Услышал Коча громкий возглас шофера и пришел в себя.

На дороге стояли волки. Свет фар выхватил из темноты их острые морды, оскаленные клыки и сверкающие глаза. Они стояли задрав морды и казались совершенно равнодушными к свету и грохоту грузовика. Сколько раз шарахались с дороги волки и шакалы, смертельно напуганные надвигающимся на них чудищем с горящими глазищами. Но эти волки стояли вызывающе посреди дороги и вовсе не собирались уступить ее приближающемуся грузовику.

– Волки, – повторил Коча Коршия, и снова перед ним возникли серо-зеленые глаза Кириле и Тенгиза.

– Смотрите, да они совсем нас не боятся! – изумленно крикнул шофер.

– Не сворачивай, поезжай прямо на них, – приказал Коча и, готовясь к столкновению, впился руками в сиденье.

Раздался ужасающий скрежет, затем резкий удар тряхнул машину, и тоскливый, леденящий душу вой повис над дорогой. Два волка, отлетев далеко вперед, упали на дорогу, и колеса грузовика вдавили их в пыль. Столкновение было настолько сильным, что фары разлетелись вдребезги. Машина осторожно прокладывала себе путь в тусклом мерцании звезд.

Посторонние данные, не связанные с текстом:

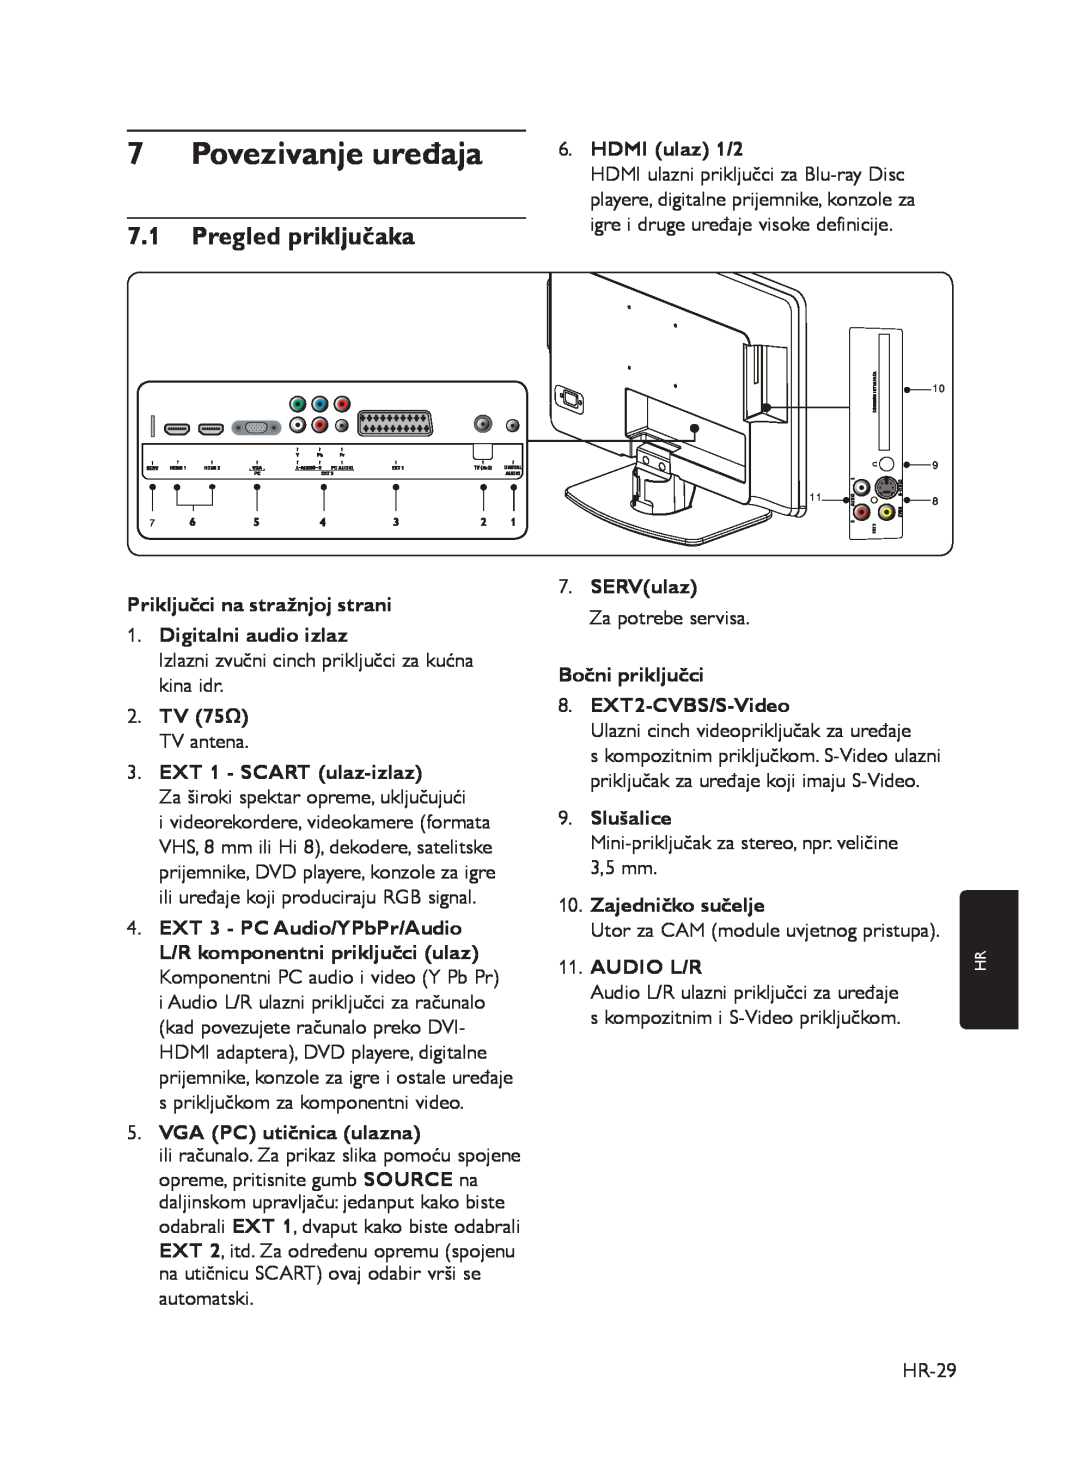 Philips 72-T540M5-X411C manual Povezivanje uređaja, Pregled priključaka, HDMI ulaz 1/2, EXT 1 - SCART ulaz-izlaz, SERVulaz

К Лонгинозу Ломджария так пристало прозвище «Скорая помощь», что иначе его уже никто и не звал. Снабженец явно гордился этим. Он с одинаковым рвением делал все, что его касалось и что никак не входило в его прямые обязанности. Он поспевал повсюду: на прокладку каналов, на корчевку леса, на строительство дорог и мостов, в магазины, на склады, на заводы, в управление, в райком, и кто знает, где только не носился его крылатый «конек».

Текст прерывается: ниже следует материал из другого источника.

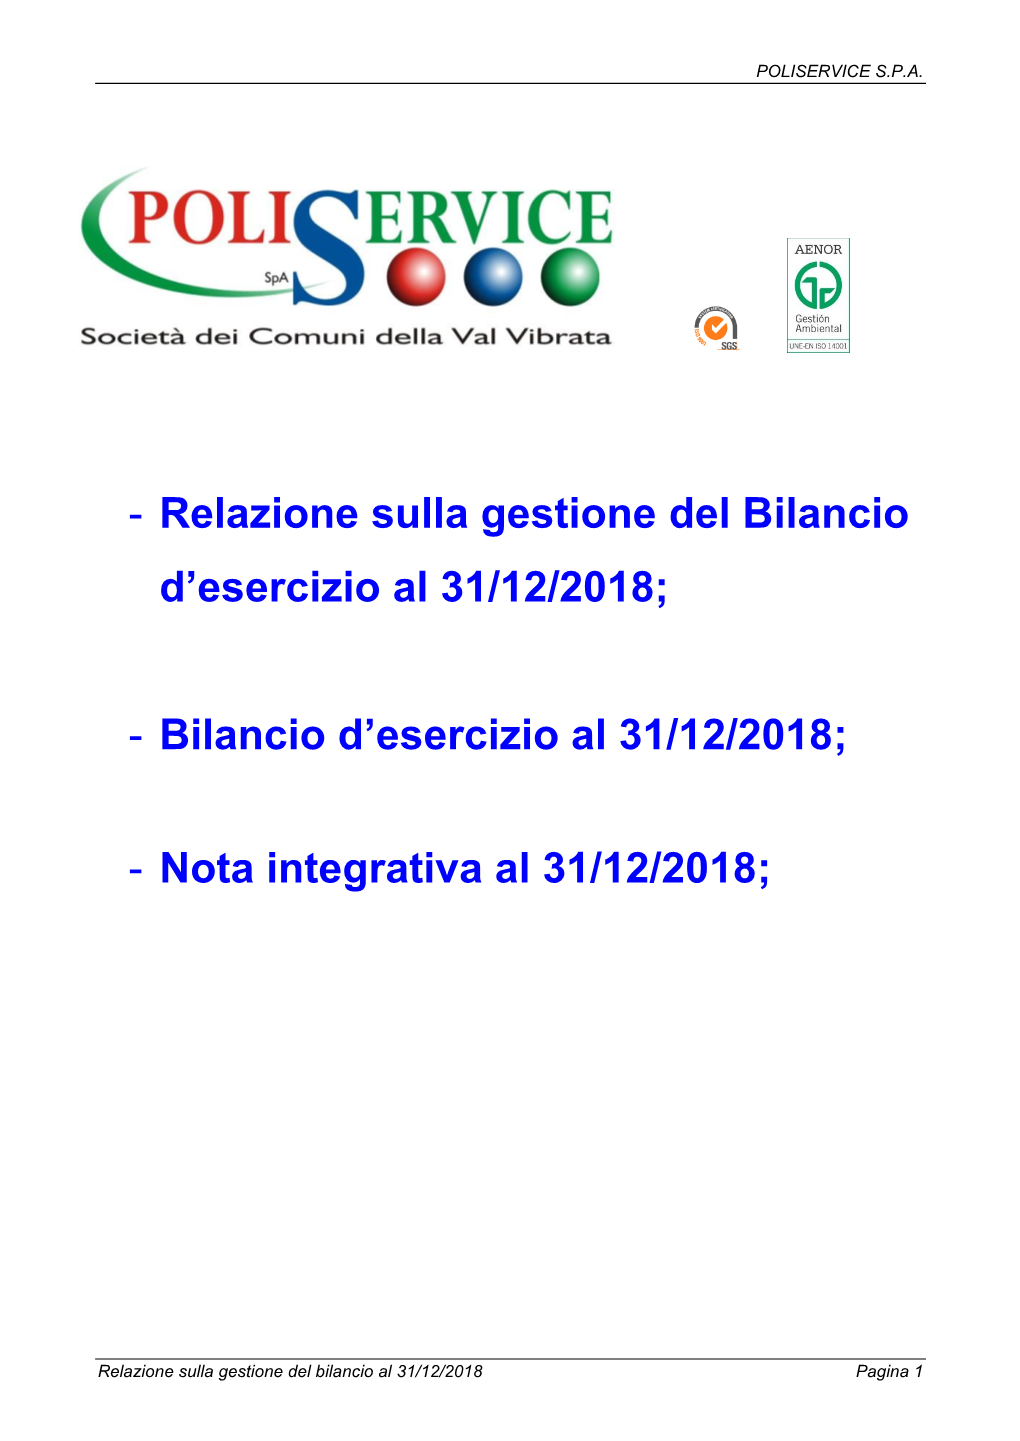 Relazione Sulla Gestione Del Bilancio D’Esercizio Al 31/12/2018;

Он, как никто другой, мог подбодрить и поддержать, доставить все необходимое, чтобы работающие могли спокойно заниматься своим делом, не растрачивая силы по мелочам. Любое дело спорилось в его руках, и это заставляло людей подтягиваться, побуждало работать лучше и больше.

Даже сваны, обычно отличавшиеся неторопливостью и степенностью, поддались его зажигательному ритму.

Лонгиноз с одинаковой заботливостью опекал всех драгеров, работающих на трассе главного канала, но к Уче Шамугия и Антону Бачило питал особую слабость. Он всячески помогал им в работе, привозил все, в чем они нуждались, как говорится, души в них не чаял. По природе своей почитающий семью и неравнодушный к женскому полу, Лонгиноз прекрасно понимал, что значит быть влюбленным, и поэтому сочувствовал своим молодым друзьям, чья дальнейшая жизнь во многом зависела от судьбы канала.

Итоги соревнования подводились каждую неделю, и переходящее Красное знамя вручалось то одному, то другому, впрочем, оно на две недели, а иногда и дольше задерживалось в кабине экскаватора одного из друзей.